Era quase meio-dia e Nick Ut achava que o trabalho estava no fim. Ele já havia fotografado gente morrendo de tudo que é jeito e decidiu voltar para a estrada onde estavam os outros fotógrafos. No caminho, escutou um barulho de avião. Era um A-1 Skyraider, que mergulhou carregado de napalm sobre a aldeia de Trang Bang.
Não havia ninguém no lugar. Ou pelo menos era o que todo mundo acreditava. Por isso, a surpresa quando crianças começaram a aparecer correndo, fugindo da fumaça e do fogo. Uma senhora surgiu com um bebê de 1 ano no colo, pedindo que ajudassem o seu neto.
Imediatamente, formou-se um comitê de fotojornalistas para registrar o drama. Ut assistiu à morte do garoto na lente de sua Leica. Antes de recolher a câmera, notou no canto do visor a chegada de uma menina nua com os braços abertos. Correu na direção da garotinha e liquidou seu oitavo rolo de filme.
Era 8 de junho de 1972. Algumas horas depois, sua foto seria o ícone da Guerra do Vietnã. Depois de revelar os negativos e de fazer cópias 5×7 polegadas da imagem, a foto de Ut quase morreu nas mãos de Carl Robinson, um dos editores da Associated Press. “Lamento, mas acho que não poderemos usá-la”, disse Robinson, citando o código de ética da empresa.
A razão: o nu frontal da criança. Mas, antes que a imagem fosse arquivada, seu chefe Horst Faas e o repórter Peter Arnett chegaram do almoço.
- Quem fez esta foto?, gritou Faas
- Foi o Nick, respondeu um editor.
- O que ela ainda está fazendo aqui?, perguntou Faas. Transmitam já para Nova York.

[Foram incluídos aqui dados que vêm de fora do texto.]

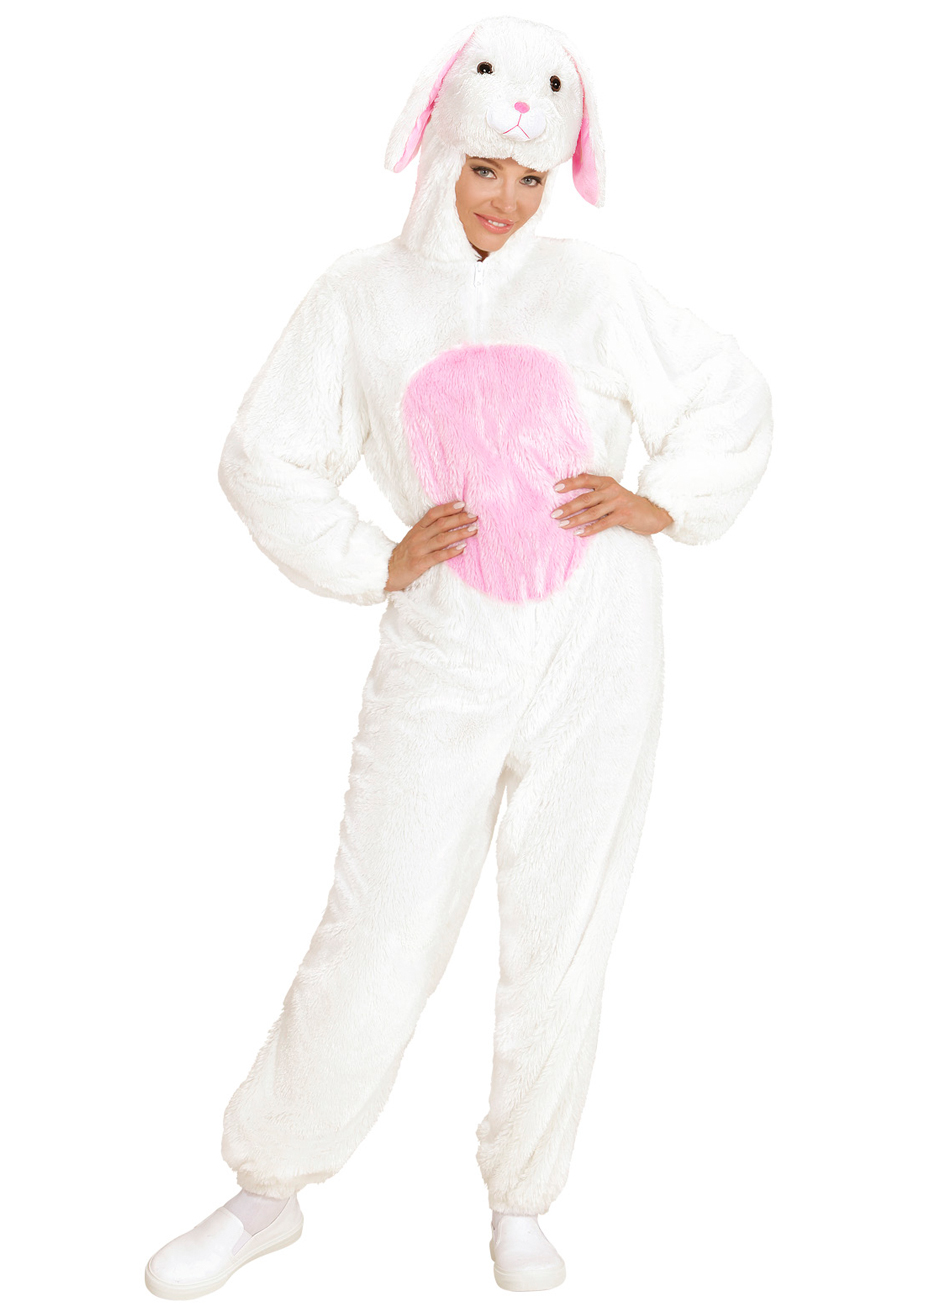 Déguisement lapin blanc, adulte, mixte (costume, gants, pattes, masque)  chez DeguizFetes.

No dia seguinte, a imagem da garotinha nua, ardendo em napalm, estampou os jornais do mundo inteiro. Os protestos pacifistas se intensificaram: Londres, Paris, Tóquio, Washington. Talvez não tenha mudado de fato os rumos da guerra. Afinal, desde 1968, a maioria dos americanos já estava insatisfeita com o conflito.
Em novembro de 1971, o presidente Richard Nixon anunciou o fim das operações terrestres no Vietnã do Sul. No momento da foto, sete meses depois, quase todas as unidades de combate dos EUA já haviam deixado a região. Mas a imagem é tão forte que até hoje muitos veteranos agradecem a Nick Ut por terem saído daquele inferno mais cedo.
Se não alterou o curso da guerra, a foto mudou a vida de Ut. Ele tinha 21 anos. Aos 22, ganhou o Prêmio Pulitzer. Naquela manhã, após registrar a última imagem, viu as costas descamadas da garota - o napalm adere à pele, queima os músculos e funde os ossos - e chorou. Correu na direção da menina, pegou-a nos braços e levou-a até o carro da Associated Press. Duvidou que ela chegasse viva ao hospital de Cu Chi.
Durante o trajeto, Kim Phuc Phan Thi, de 9 anos, balbuciava: “Estou morrendo. Estou morrendo”. Segundo Ut, o hospital era uma pocilga, com corpos espalhados, gente ferida e moribunda por todos os lados. Na entrada, pediu que um médico cuidasse da criança. “Não podemos fazer nada”, foi a resposta.
Irritado, ele tirou do bolso o crachá da Associated Press, fez ameaças que não podia cumprir, até que a levassem dali. Dias depois, Christopher Wain, correspondente da TV britânica ITN, buscou informações sobre Kim no hospital. “Perguntei como ela estava e a enfermeira foi seca: ‘Deve morrer amanhã ou depois de amanhã’”.
Mas Kim sobreviveu. Foi transferida para Saigon, passou um ano internada e voltou para Trang Bang. Virou estudante de medicina e recebeu autorização para completar o curso em Cuba, onde começou a namorar um colega vietnamita.
Achou que a família nunca permitiria o casamento, porque ele era do Vietnã do Norte. Finalmente, obteve permissão para passar a lua de mel em Moscou e, na volta, durante escala no Canadá, pediu asilo - e recebeu. Hoje, vive perto de Toronto com a família, o marido e dois filhos. Nick Ut mora em Los Angeles e ainda trabalha para a Associated Press. Até hoje, o caminho dos dois se cruza de vez em quando.